The invention relates to an actuator for operating a valve in a fluid line comprising an actuating member with an actuating element for transferring a force to the device. The actuator according to the invention is specifically adapted for actuation of a valve in a surge pressure relief system.

BACKGROUND OF THE INVENTION

Severe damage can result from pressure surges in a liquid transporting pipeline. Such surges may occur when there is a sudden change in velocity of the liquid in the pipeline. These sudden changes in the velocity may occur, for instance, when starting or stopping a pump which is used to pump the liquid through the pipeline. A pressure surge can also be created when a shut off valve needs to be suddenly closed.

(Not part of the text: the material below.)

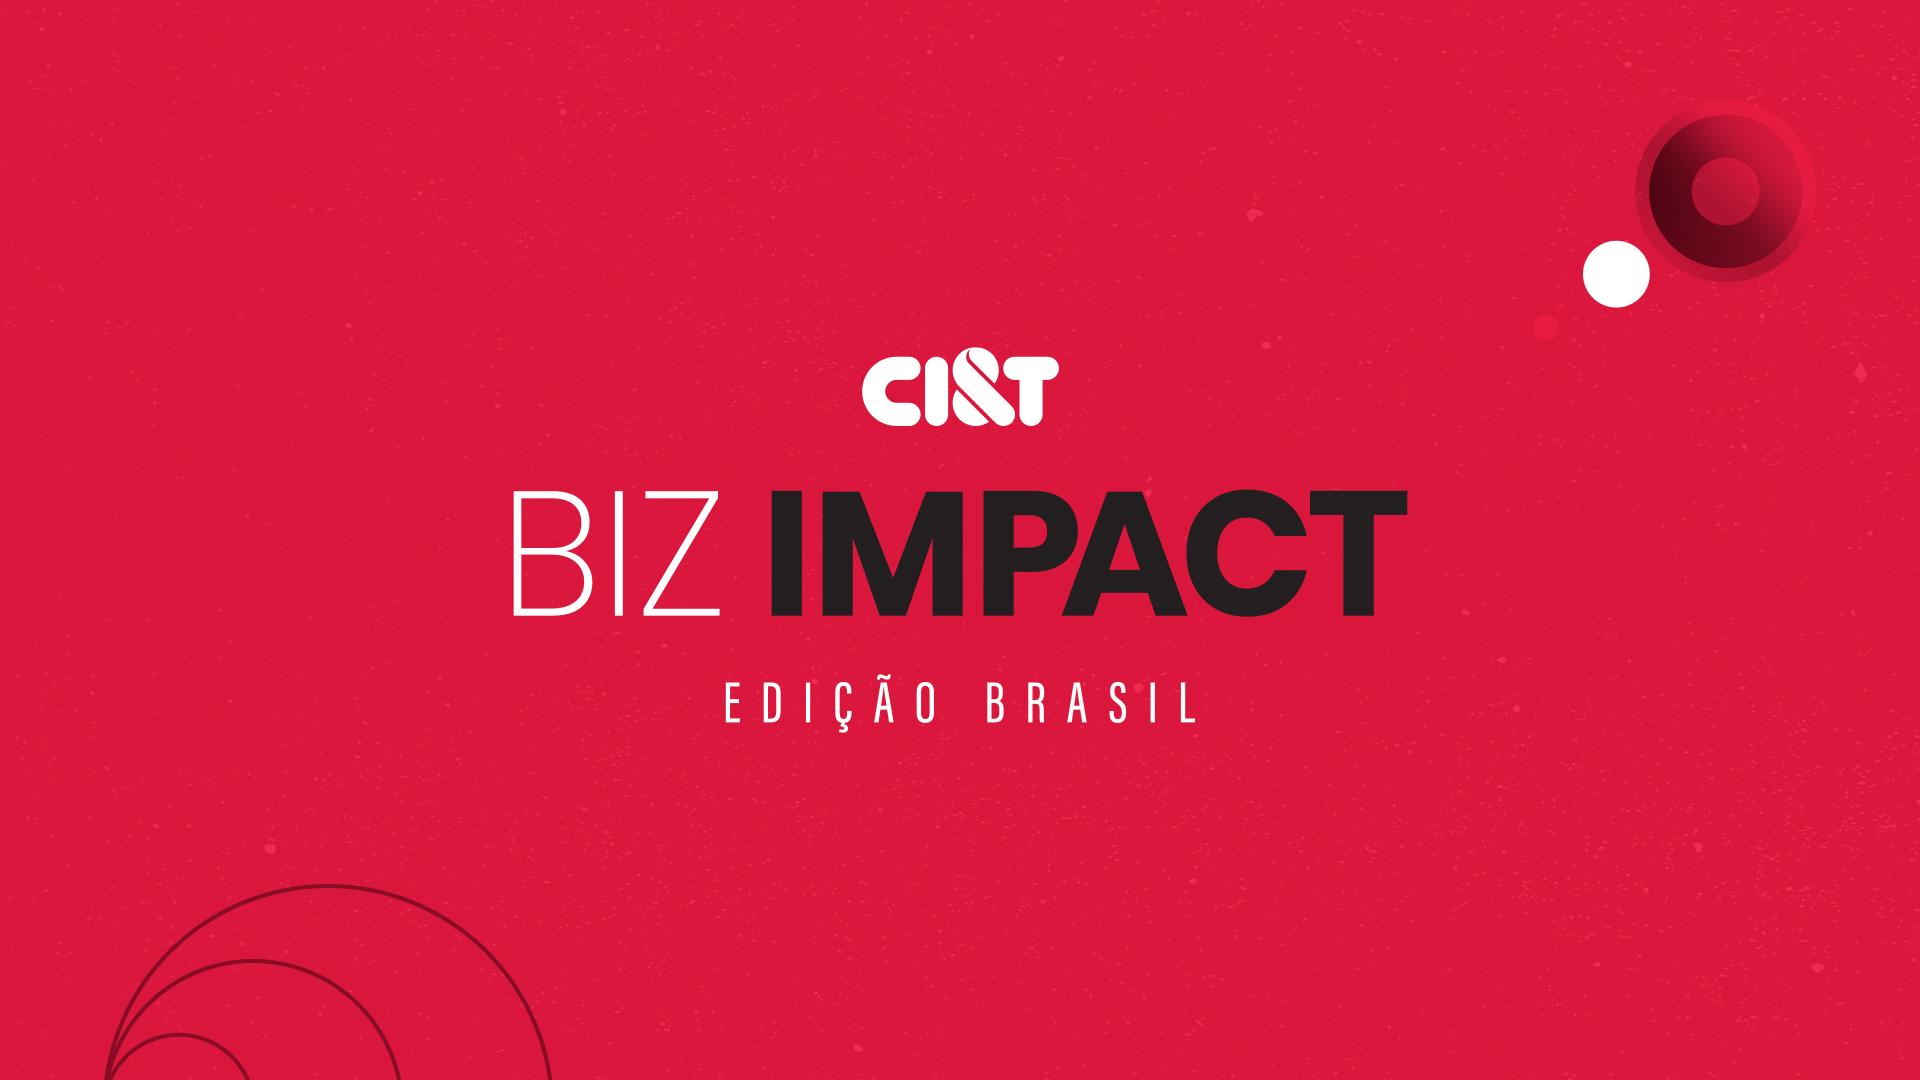 Tema Biz Impact 2021

It is known to limit the detrimental effect of surges in pipelines, by allowing a part of the liquid to escape from the pipeline when a surge occurs. In order to allow a certain volume of liquid to escape from the pipeline, the pipeline is connected via a valve with a surge relief line. In case the surge in the pipeline causes the pressure in the pipeline to exceed a certain threshold, the valve connecting the pipeline and the surge relief line is adapted to allow a certain volume of liquid to enter the surge relief line in order to prevent the pipeline from any damage.

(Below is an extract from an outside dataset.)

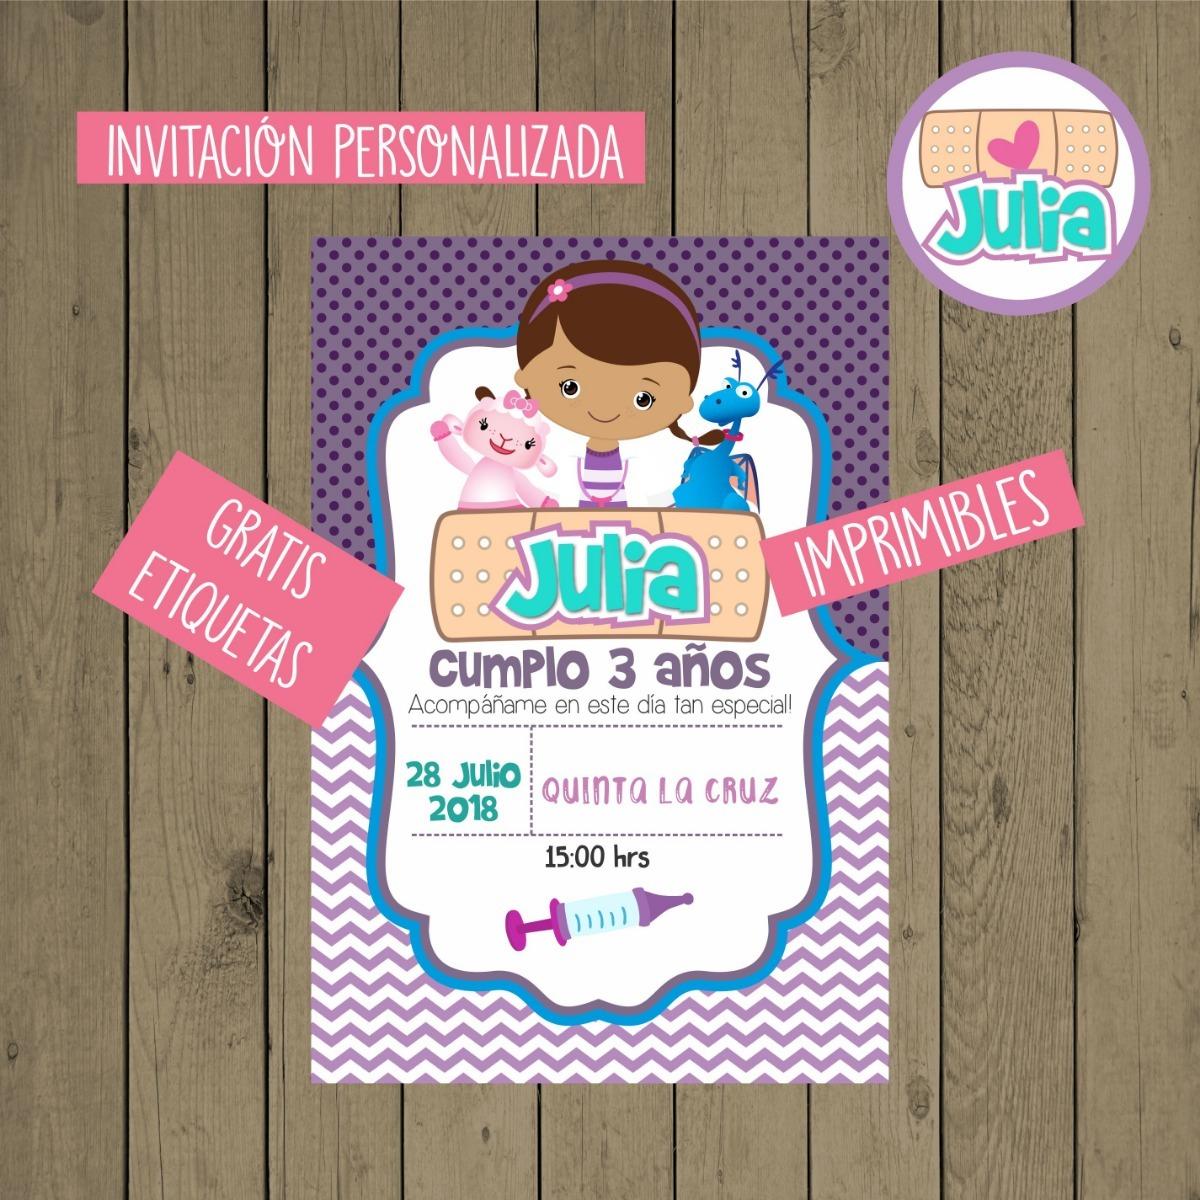 8ecfddb2bc5b5 Invitación Infantil Doctora Juguetes Presentación Niña -   80.00 en ...

In practice the surge relief line is connected to an overflow container, for instance in the form of a surge relief bag, which is used to collect any liquid which leaves the pipeline via the surge relief line.

In order to prevent equipment damage or danger, it is important that the time need to operate the valve between the pipeline and the surge relief line is very short. Typically the required opening time for the valve is a couple of seconds. This relatively short opening time allows a volume of liquid to flow out of the pipeline and to decrease the potential danger of the pressure spike that travels through the pipeline. This time constraint creates a challenge when using electric valve actuators. While fluid powered linear actuators can typically actuate a valve in such time, electric actuators usually have much slower actuation times, due to the gearbox and rotary to linear converting mechanism, which sets up larger frictional and inertial forces in the transmission.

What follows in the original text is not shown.